Having compared the conclusions of the informal consultation for the Project with the conclusions of the BiOp for the Travel Plans, the Court finds that the agencies determination that the Project would not adversely affect grizzly bears is not arbitrary and capricious. Alliance points to the Travel Plan BiOp's finding that the existing road density may result in “incidental take of ‘individual female grizzly bears attempting to establish or maintain home ranges in roaded areas at some point over the life of the . . . Little Belts . . . travel plans if and when female grizzly bears occur in the action area [Grizzly Bear Analysis Units].” (Doc. 56 at 19 (quoting AR_J1:50636).) Alliance further highlights the Travel Plan's conclusion that the “greatest likelihood of incidental take is in the Sheep Creek Grizzly Unit” which is the unit that encompasses the Project Area. (Id. at 20-21.) But this possibility of incidental take is contingent on female grizzly bears being present in the action area. According to both the conclusions of the informal consultation and the Travel Plan BiOp, female grizzlies and cubs do not use the Sheep Creek Grizzly Unit. AR_JI: 0050608; AR_C7:0005094. As such, the Court rejects Alliance's objection and finds that Defendants are entitled to summary judgment as to Claim V..
Conclusion
Reviewing de novo, the Court finds that Alliance is entitled to summary judgment on Claim III and Defendants are entitled to summary judgment on Claims I, II, IV, and V.

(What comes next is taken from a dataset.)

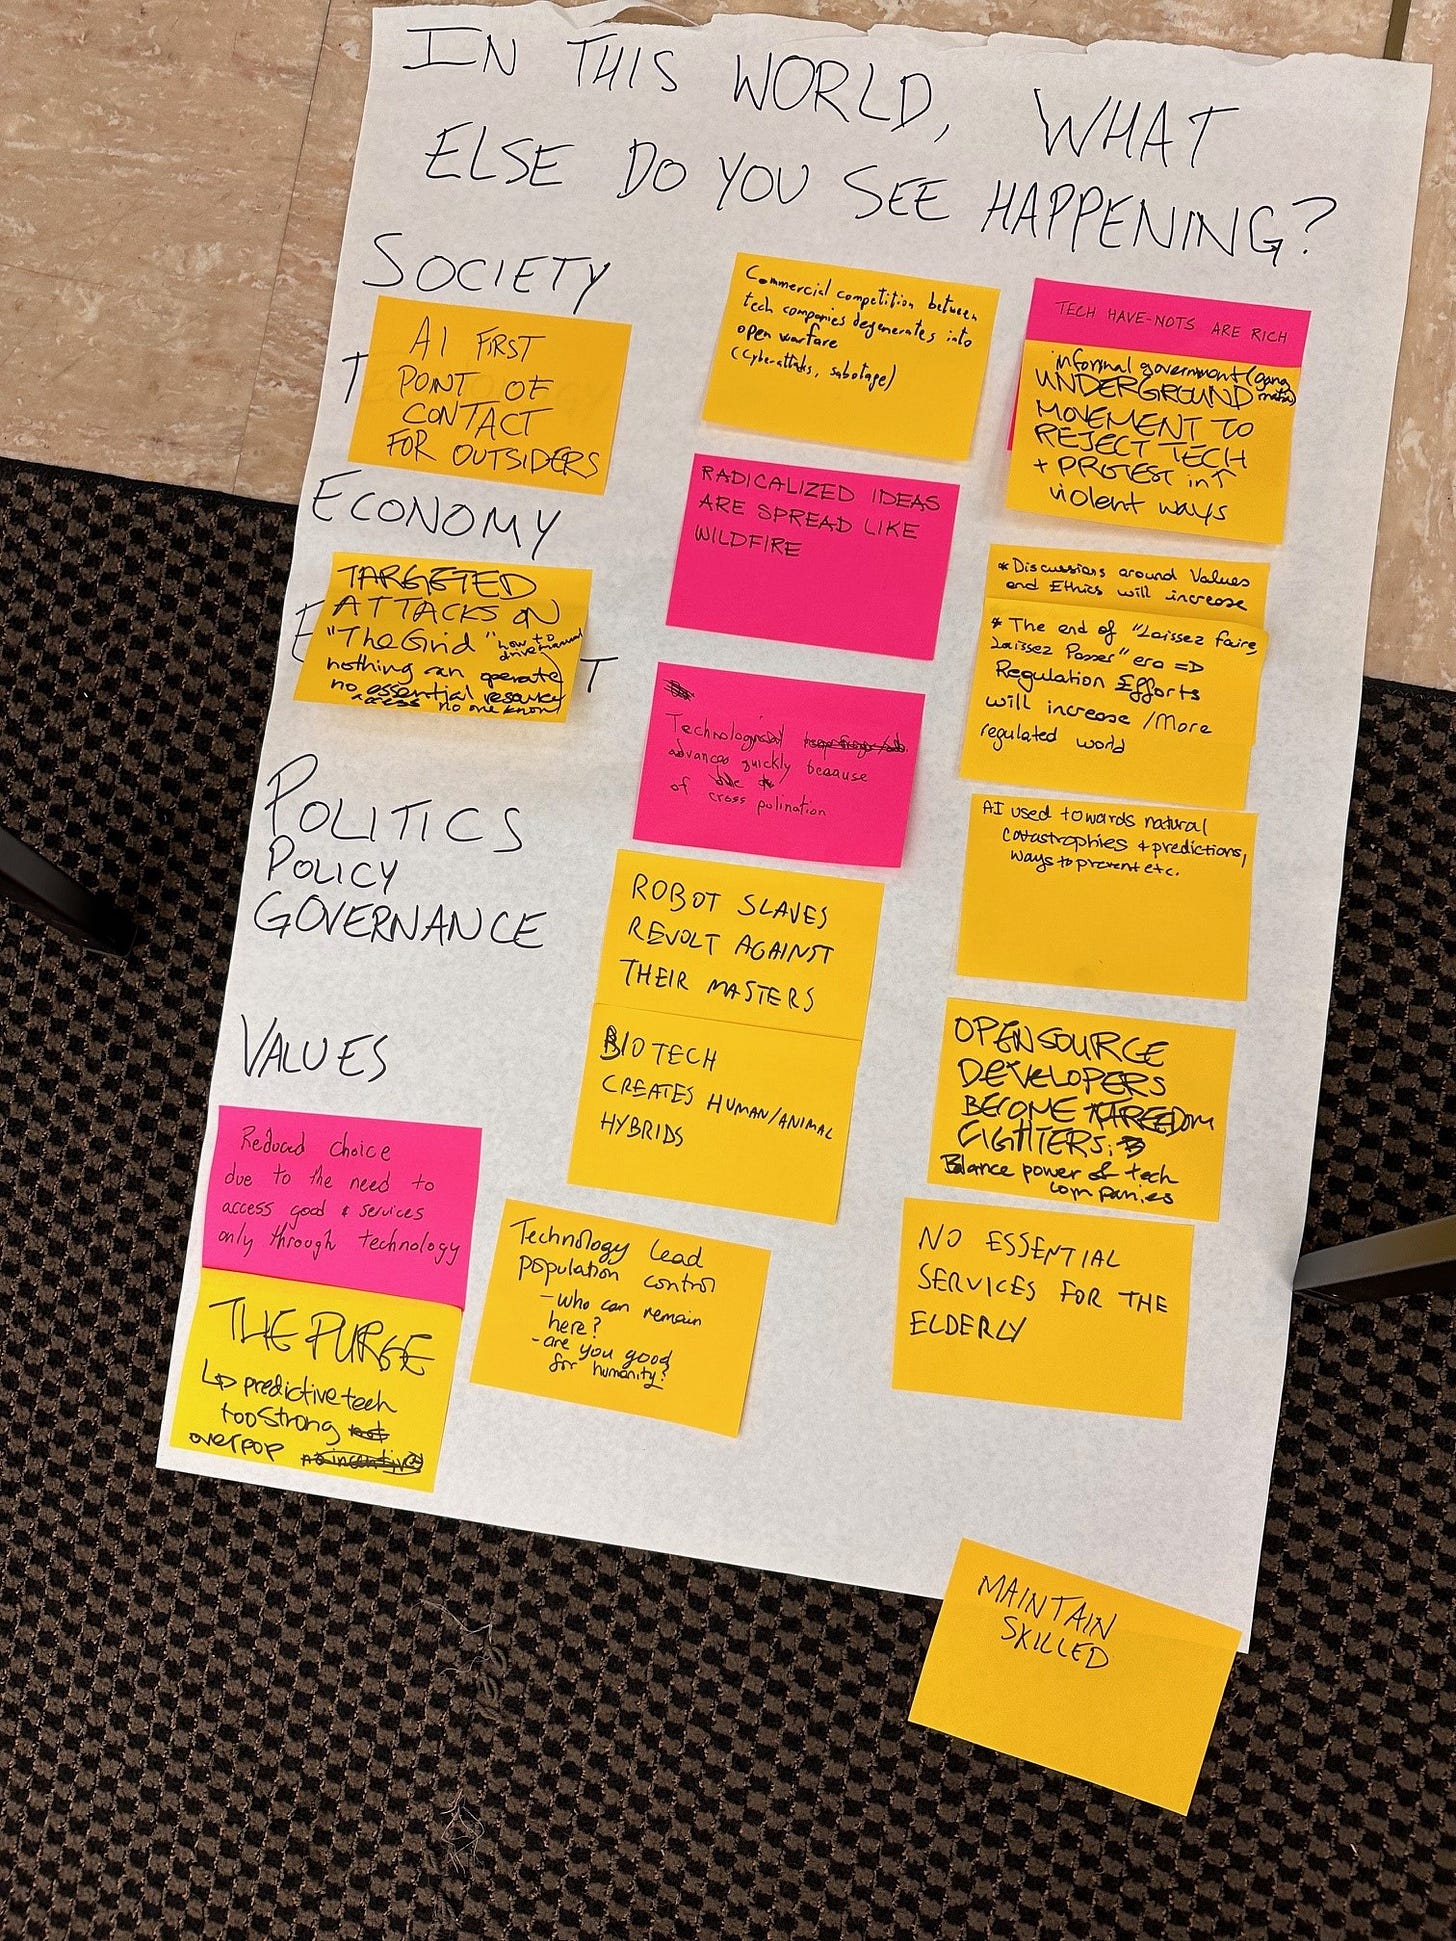 Poster on the floor of a conference room covered in sticky notes with ideas about potential futures.
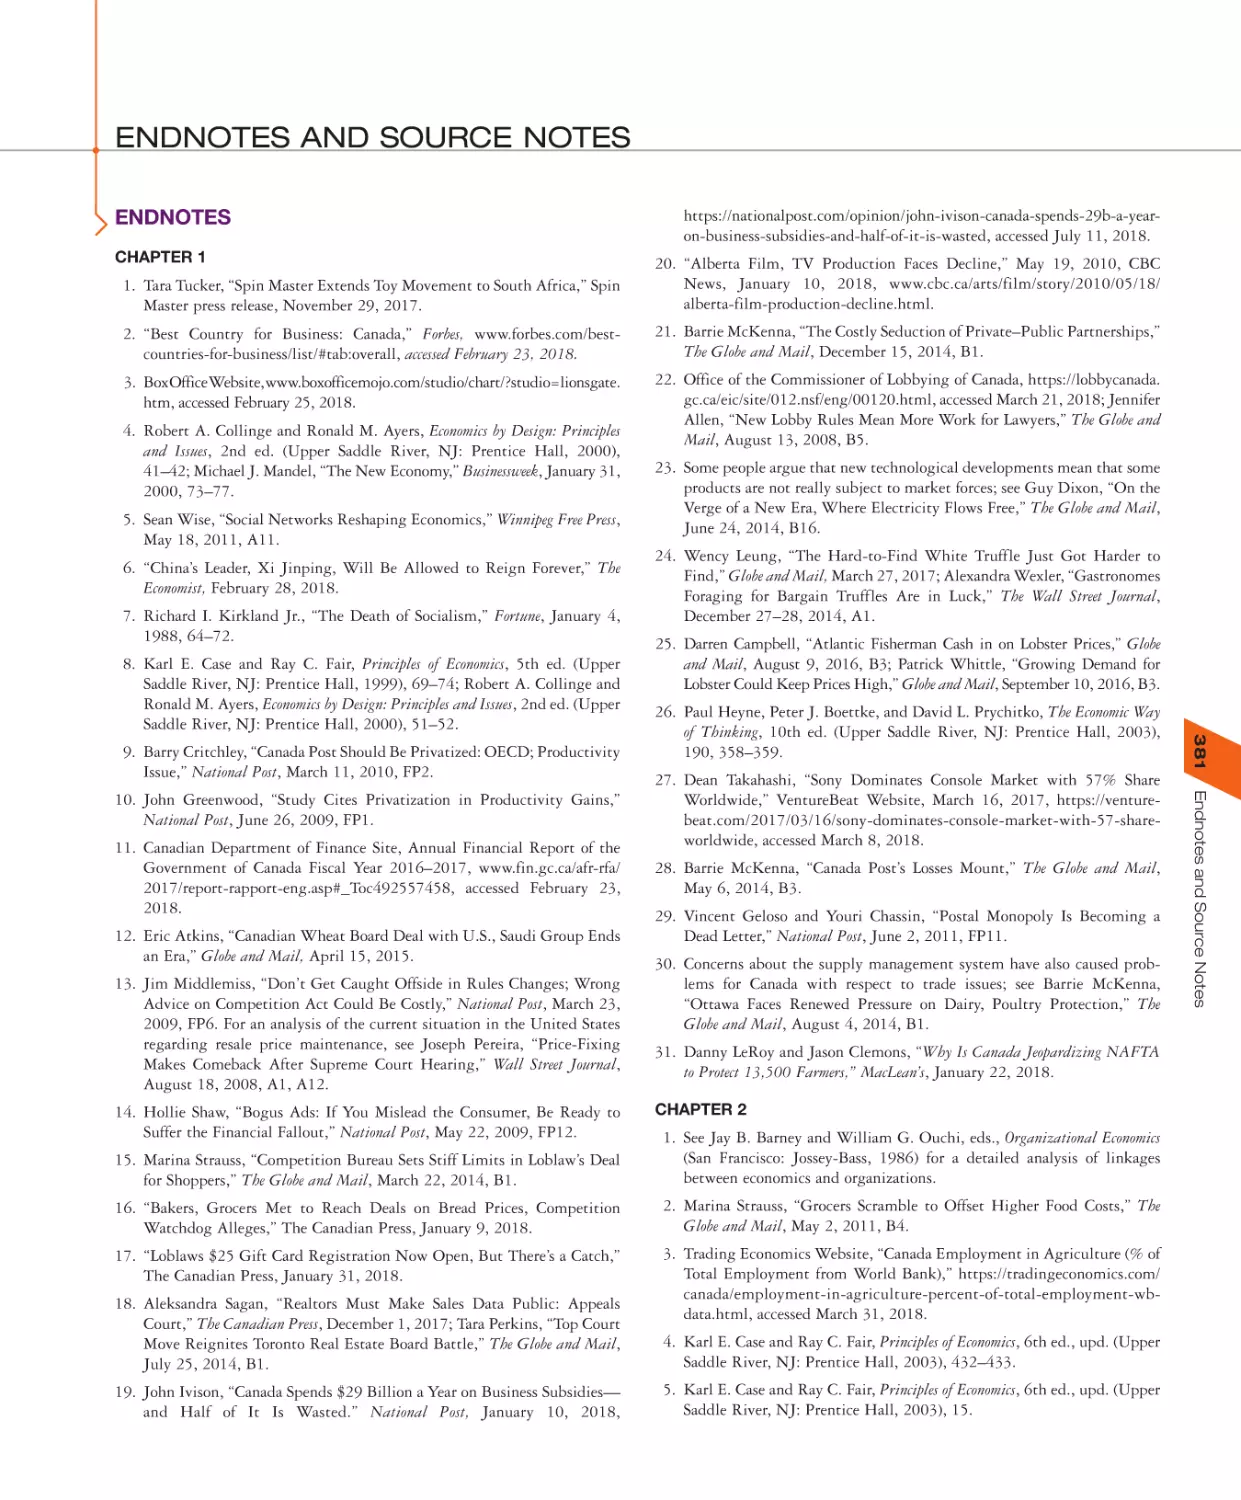 Endnotes and Source Notes

Accordingly, IT IS ORDERED that Judge DeSoto's Findings and Recommendations (Doc. 51) are ADOPTED IN FULL.
IT IS FURTHER ORDERED that summary judgment is entered in favor of Alliance as to Claim III. The Project is REMANDED to the agency to cure the NEPA violation and the Project is ENJOINED pending the agency's compliance with NEPA.
IT IS FURTHER ORDERED that summary judgement is entered in favor of Defendants as to Claims I, II, IV, and V.